Trouver des financements pour relancer son économie à la peine est un défi de taille pour le président turc, Recep Tayyip Erdogan, qui n’aborde pas en favori l’échéance cruciale des élections (présidentielle et législatives) prévues en juin 2023.
Depuis l’invasion russe en Ukraine, le 24 février, les déficits n’ont fait que se creuser. En cause, la hausse mondiale des prix des matières premières et de l’énergie (gaz et pétrole) que la Turquie, pays le plus industrialisé de la région, importe massivement, de Russie surtout.
Réélu régulièrement depuis vingt ans sur ses promesses de prospérité économique, le président Erdogan a désormais plusieurs épines au pied. Parmi elles figurent le déficit des comptes courants (solde des échanges commerciaux et financiers avec l’étranger), le déficit commercial chronique, l’inflation des prix à la consommation (85,5 % en octobre), tirée par une facture énergétique qui explose et par la dépréciation continue de la monnaie locale, la livre turque (LT).
« Erreurs et omissions »
Le manque de devises étrangères et le financement du déficit des comptes courants sont des problèmes récurrents de l’économie turque, qui dépend des capitaux étrangers pour se développer. Or le pays ne peut plus compter sur ceux-ci, les investissements étrangers directs étant tombés à leur plus bas niveau, soit 5,7 milliards de dollars (5,5 milliards d’euros) en 2020 contre 19 milliards en 2007, selon la Banque centrale de Turquie (BCT).
Pour combler les manques, le gouvernement a trouvé une astuce, révélée à la lecture des bilans publiés par la BCT à la mi-septembre. A la rubrique « erreurs et omissions nettes » sont comptabilisées des entrées de capitaux à l’origine non précisée mais dont les proportions sont assez conséquentes.
Ainsi, 5,5 milliards de dollars ont été répertoriés en juillet, ce qui porte le montant de ces mystérieuses entrées de capitaux à 24,4 milliards de dollars pour les sept premiers mois de l’année. De quoi combler une partie du déficit des comptes courants, évalué à 36,7 milliards de dollars sur les neuf premiers mois de 2022.

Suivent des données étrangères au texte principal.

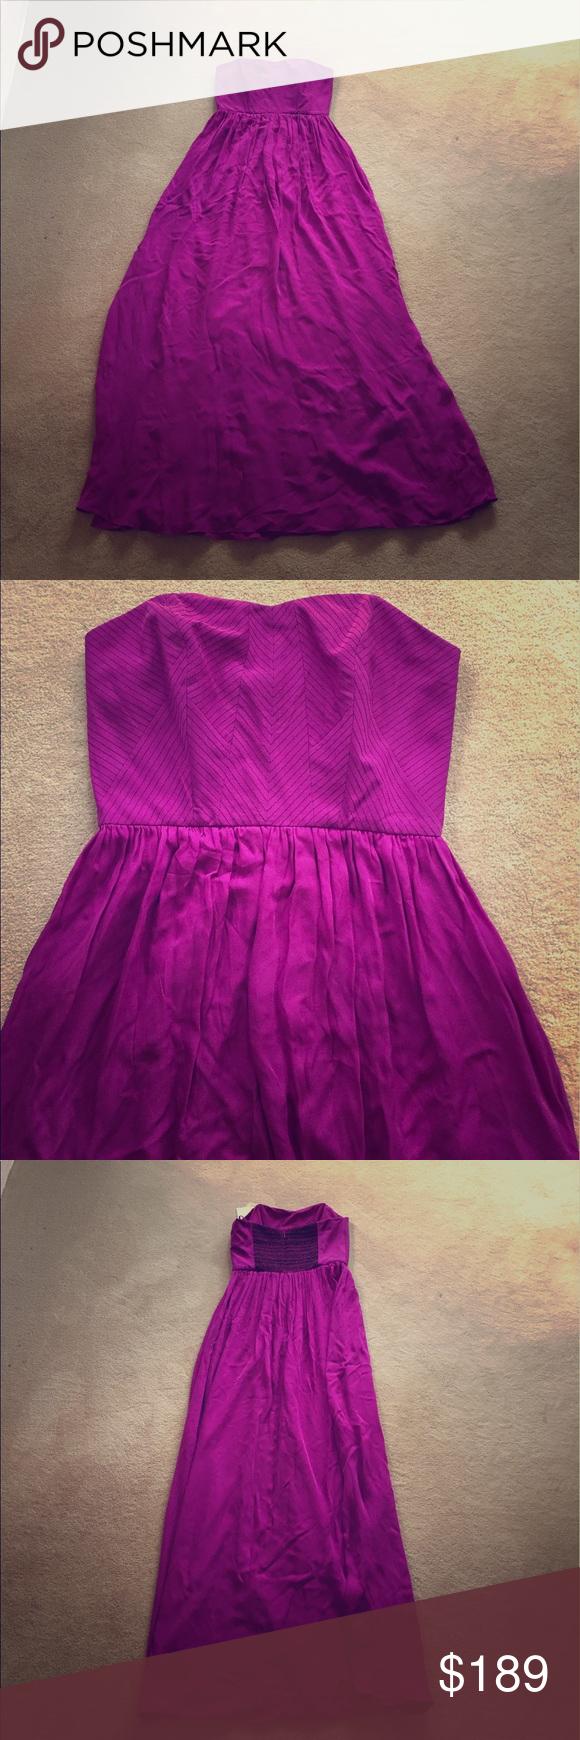 NWT Nicole Miller Pink Bodice Maxi Dress

Une partie de ces mystérieuses entrées de capitaux s’explique par le rapatriement, tout à fait légal, de devises détenues par le secteur privé à l’étranger. Les exportateurs turcs rapatrient leurs gains en Turquie, contraints de se plier aux mesures que le gouvernement a récemment mis en place, les obligeant à convertir en LT 40 % de leurs recettes en devises.
Des chiffres hors normes
La rubrique sous laquelle ces capitaux sont répertoriés implique que leur origine sera précisée ultérieurement, quand les transferts auront été confirmés. Les données du compte courant sont calculées selon des modèles de dépenses à long terme qui peuvent être révisées par la suite. Les « erreurs et omissions nettes » devraient être une exception, n’afficher que des chiffres mineurs. Dans le cas de la Turquie, les chiffres sont hors normes.
Seule certitude, le poids de ces entrées de capitaux d’origine inconnue n’a fait que s’accroître depuis 2018, l’année où M. Erdogan est devenu « hyper-président », assumant le rôle de président, de premier ministre, de chef des armées et aussi de grand décideur de la politique économique. « L’économie c’est moi », déclare-t-il à l’envi. Cette année-là , les entrées de capitaux à l’origine non déterminée se sont élevées à 22,7 milliards de dollars.
La crainte est de voir en Turquie cette rubrique servir de refuge aux capitaux issus de l’économie grise, bien réels mais impossibles à quantifier. En 2021, le placement du pays sur la liste grise du Groupe d’action financière, l’organisme mondial chargé de la surveillance en matière de lutte contre le blanchiment d’argent et le financement du terrorisme, ne fait que renforcer cette appréhension.